En el último filme de José Luis Guerín, En la ciudad de Sylvia (2007), la acción se divide en tres días. Durante el primer día, el protagonista -un hombre joven del que no sabemos ni tan siquiera el nombre- pasea por una ciudad extranjera, observa a las mujeres que se cruzan en su camino, dibuja cuerpos y rostros en su cuaderno. Al día siguiente mientras se encuentra en la terraza de un bar cree ver, al otro lado del cristal, a Sylvie, una chica a la que conoció seis años atrás en esa misma ciudad. Tras seguir a la mujer por las calles, el protagonista la aborda finalmente en el interior de un tranvía, pero descubre que ella no es la Sylvie a la que buscaba. A partir de una utilización radical del montaje, del encuadre y de la composición del plano, Guerín construye un filme donde el trazo del retrato femenino está íntimamente ligado a los fantasmas que alberga la mirada masculina. La sólida y, en ocasiones, compleja trama de los filmes anteriormente mencionados es sustituida aquí por una particular poética de la ocultación y la revelación, ejes mediante los que se articula este filme que funciona como una topografía de la mirada masculina sobre un paisaje femenino en constante transformación.

En estos cuatro filmes es la fascinación del hombre por la imagen de una mujer ausente (y, en la mayoría de los casos, muerta) la que marca la evolución de los relatos, dibujando los obsesivos trayectos de un deseo masculino que bascula siempre entre el éxtasis y la tortura. En todos ellos la pérdida de la mujer juega un papel importante, pero estas películas no versan tanto sobre la desaparición o la muerte de la amada, sino  sobre la posibilidad de reencontrarla, sea en un tiempo pasado o futuro, sea convocándola en uno o en muchos cuerpos. Dicho de otro modo: es la propia condición fantasmal de las ausentes la que actúa como motor del relato y la que alimenta el deseo de los protagonistas.
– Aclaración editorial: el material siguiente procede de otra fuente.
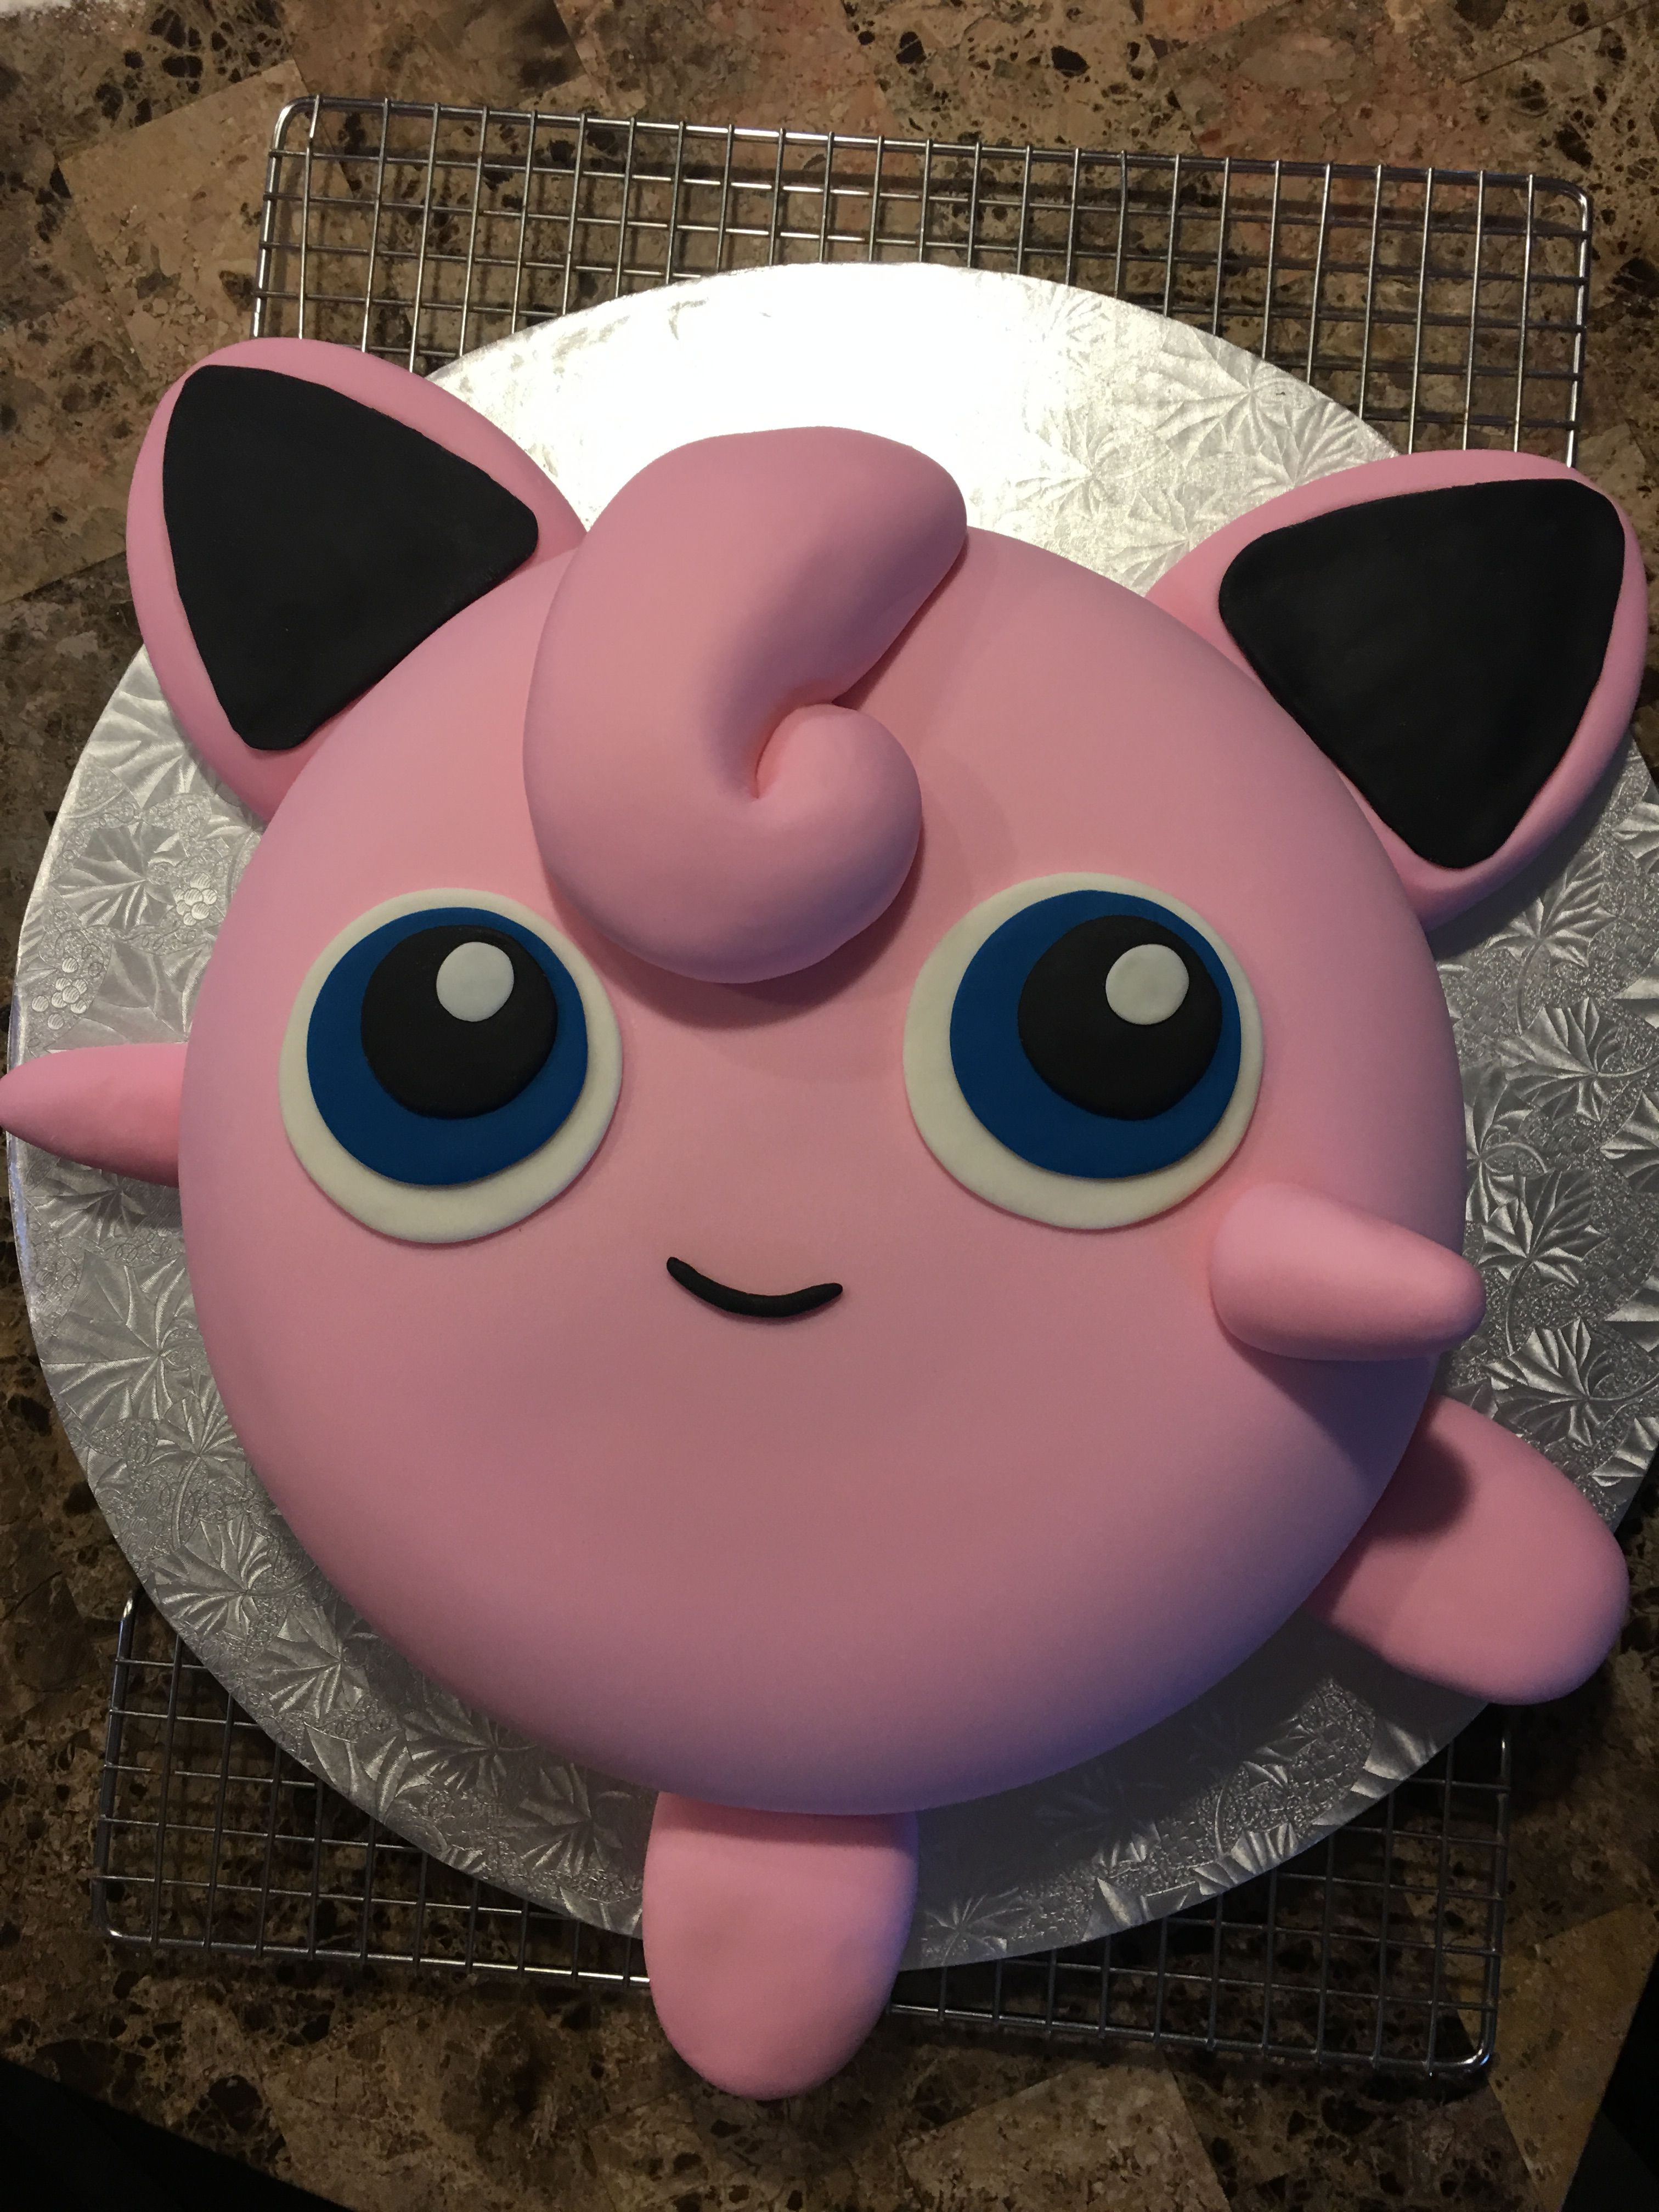 Jigglypuff Pok 233 Mon Birthday Cake I Made For My Daughter S

Por otro lado, al sustituir a la mujer por su imagen y al presentar esa imagen como matriz generadora del conflicto dramático, todos estos filmes se constituyen también en poderosas variaciones que exploran la problemática entre la imagen y su referente, la relación del hombre con sus fantasías y por extensión, la relación del espectador con la película.

 

II. Es difícil no ver en La invención de Morel (Adolfo Bioy Casares, 1940) un precedente de todos estos filmes. En esta novela, que cabalga con asombrosa naturalidad entre el género fantástico, la literatura romántica y los libros de aventuras, Bioy Casares construye también una intriga donde todo gira alrededor de la imagen fantasmal de una mujer. La osada estructura narrativa de La invención de Morel, el enrarecido clima de paranoia que transmite el relato en primera persona y su fluidez a la hora de transitar entre lo real y lo fantástico, han inspirado, reconocidamente o no, a numerosos filmes de muy distinta índole –de El año pasado en Marienbad (L’année dernière à Marienbad, Alain Resnais, 1961) a la serie Perdidos (Lost, J.J. Abrams, Jeffrey Lieber, Damon Lindelof et al., 2004), de No te mueras sin decirme adónde vas (Eliseo Subiela, 1995) a The piano tuner of earthquakes (Stephen & Timothy Quay, 2005), etc…-. La novela ha sido objeto también de varias adaptaciones. La más conocida de ellas es la película italiana protagonizada por Ana Karina Morel’s invention (L’invenzione di Morel, Emidio Greco, 1974).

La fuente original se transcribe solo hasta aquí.